In the example illustrated in figs. 4(a), (b) and (c), so as to interlock the inner and outer flaps 8, 18, the inner tongue 8c is deflected or bent slightly downwards so as to leave a space defined by the cut 8a and the outer tongue 18c is bent or deflected slightly upwards so as to leave a space defined by the outer cut 18a. The inner tongue 8c is then inserted into and moved down through the space defined by the cut 18a in the outer flap 18. Simultaneously, the outer tongue 18c is moved upwardly into and through the space defined by the cut 8a in the inner flap 8. Thus, in the interlocked state, as illustrated in fig.4(c) the outer tongue 18c lies against the upper surface (as illustrated) of the inner flap 8. Because the inner tongue 8c has been deflected downwardly (as illustrated) and lies against the lower surface (not illustrated) of the outer flap 18, what can be seen in fig. 4(c) is the space left in the inner flap 8 defined by the cut 8a) and the top surface of the outer flap 18 is visible within that space.

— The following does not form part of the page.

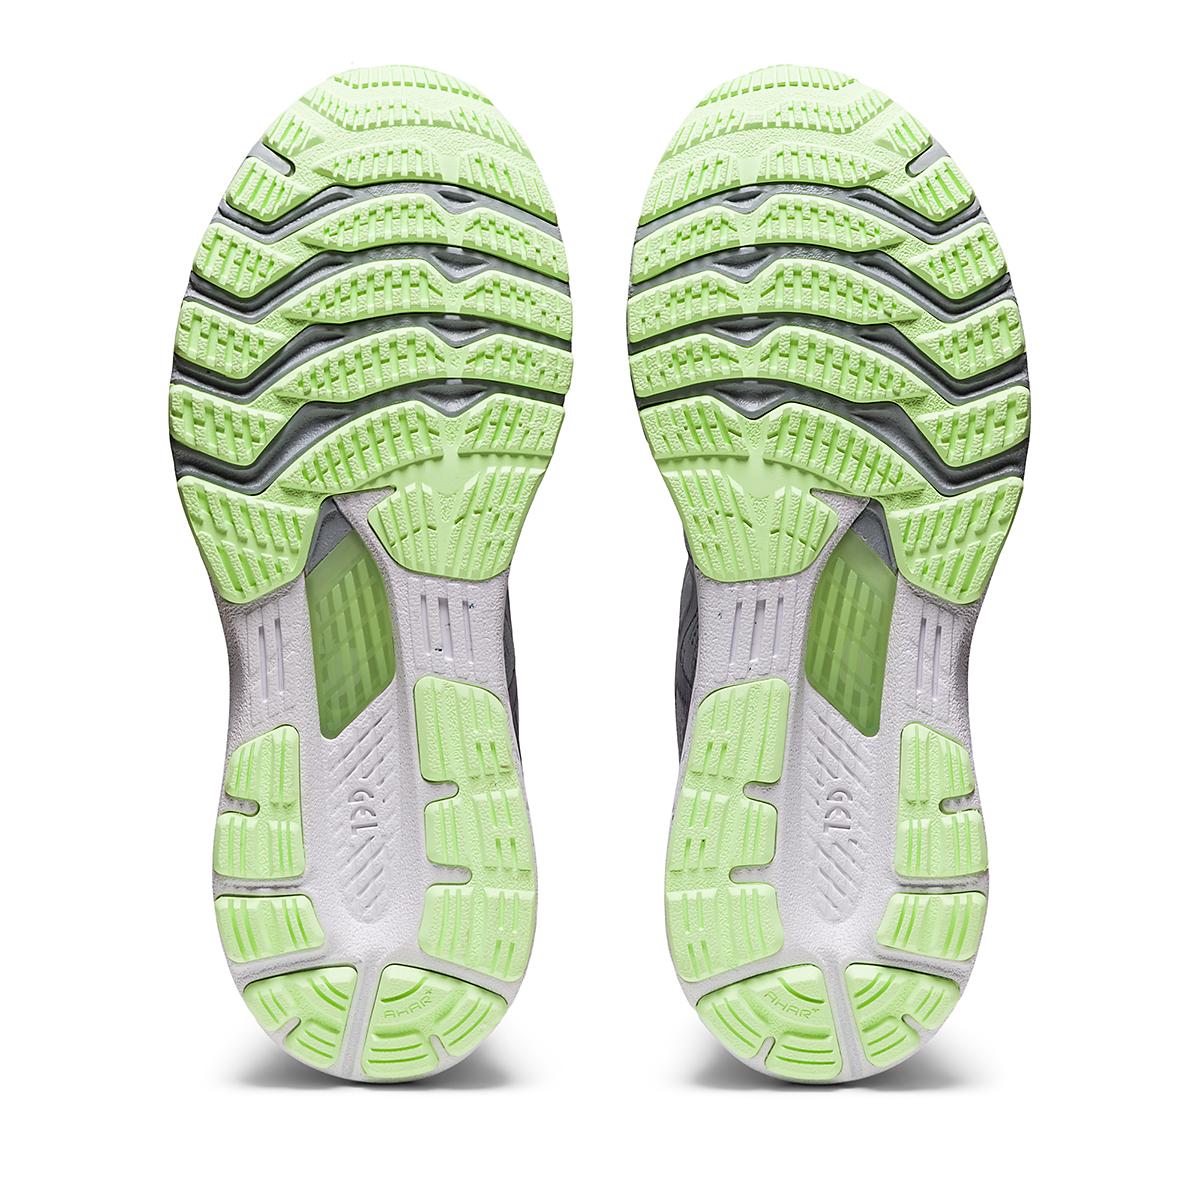 Women's Asics Gel-Kayano 28 Running Shoe - Color: Piedmont Grey/Lavender - Size: 5 - Width: Regular, Piedmont Grey/Lavender, large, image 7
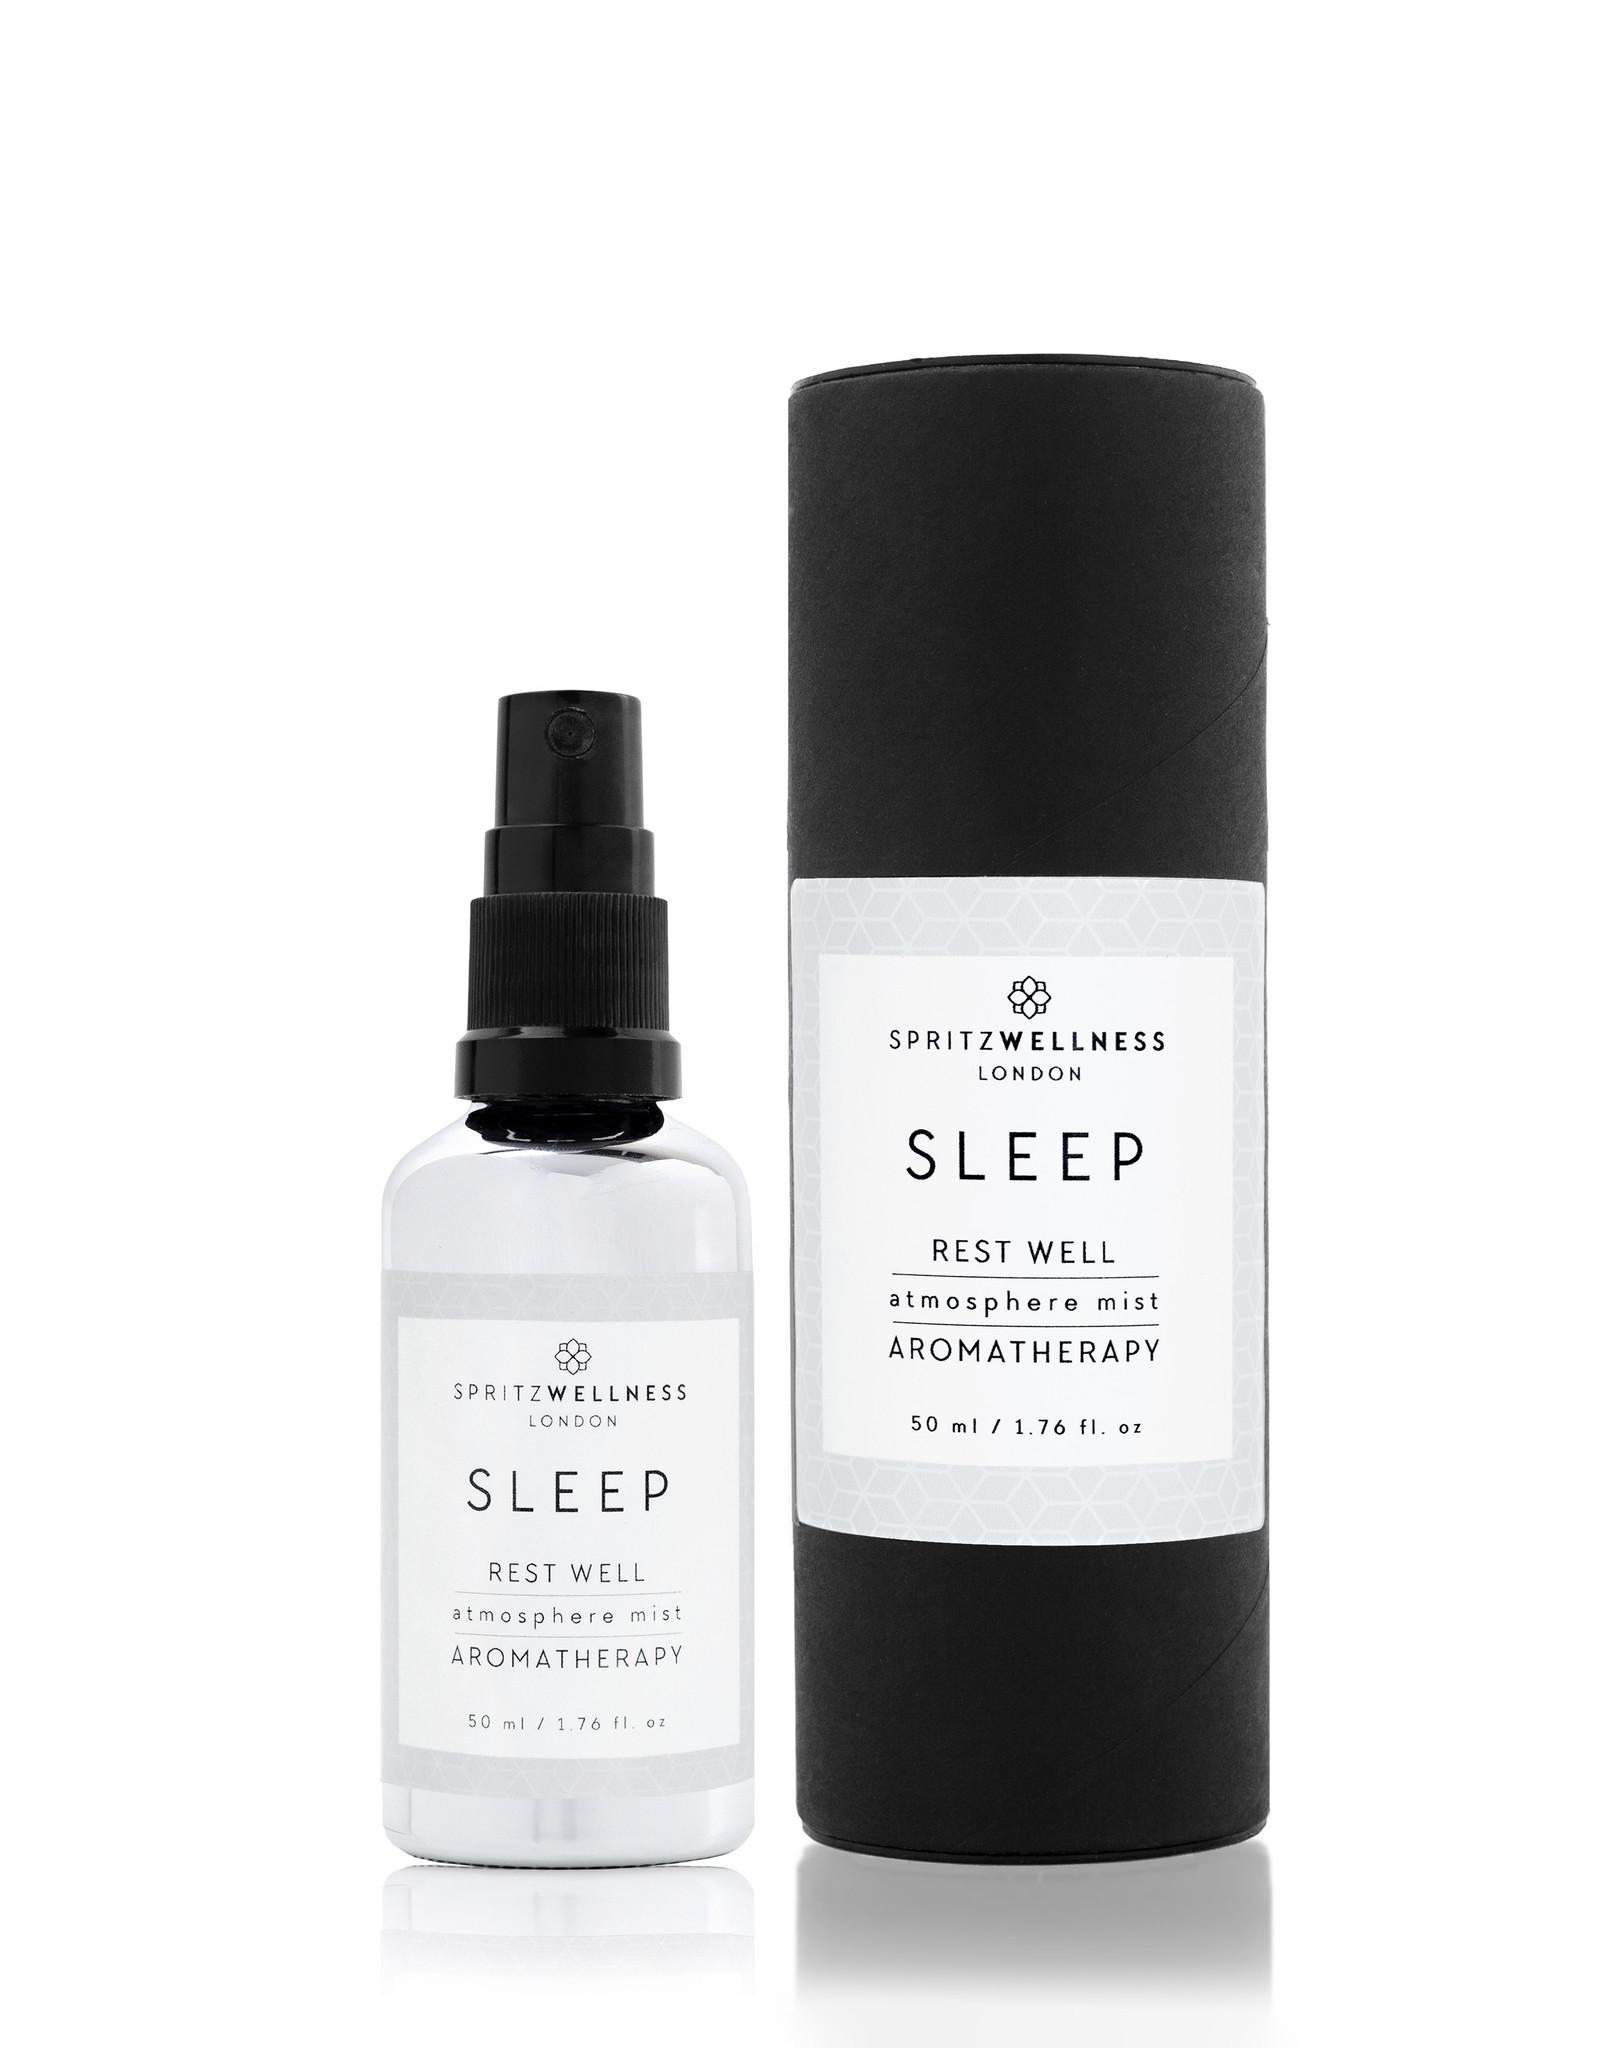 Spritz Wellness London 'Sleep' atmosfeer mist

As will be apparent from fig. 4(c), if the inner flap 8 is pulled by means of its hinge 10 away from the outer flap 18 by its hinge 20, the interlocking tongue arrangement inhibits movement of respective flaps, with the outer tongue 18c) abutting at its hinge 18b the inner flap 8c at its hinge 8b.

In the illustrated arrangement, it will be seen that one of the tongues, namely the inner tongue 8c in this particular example, is wider than the other tongue. In other words, it has a larger extent in the direction of its bendable or hinge portion 8b. Nevertheless, in order for the respective inner and outer tongues 8c and 18c to interlock as required, the respective hinge portions 8b and 186 should be the same length. Thus, for the wider tongue, the cut 8a extends at its ends inwardly towards the two opposite ends of the hinge portion 8b. Advantageously, as illustrated, the wider tongue, namely the inner tongue 8c of this example, is formed from a cut 8a having, at each end, portions 8d which loop around on the opposite side of the hinge portion 8b from the rest of the cut 8a and the majority of the tongue Sc.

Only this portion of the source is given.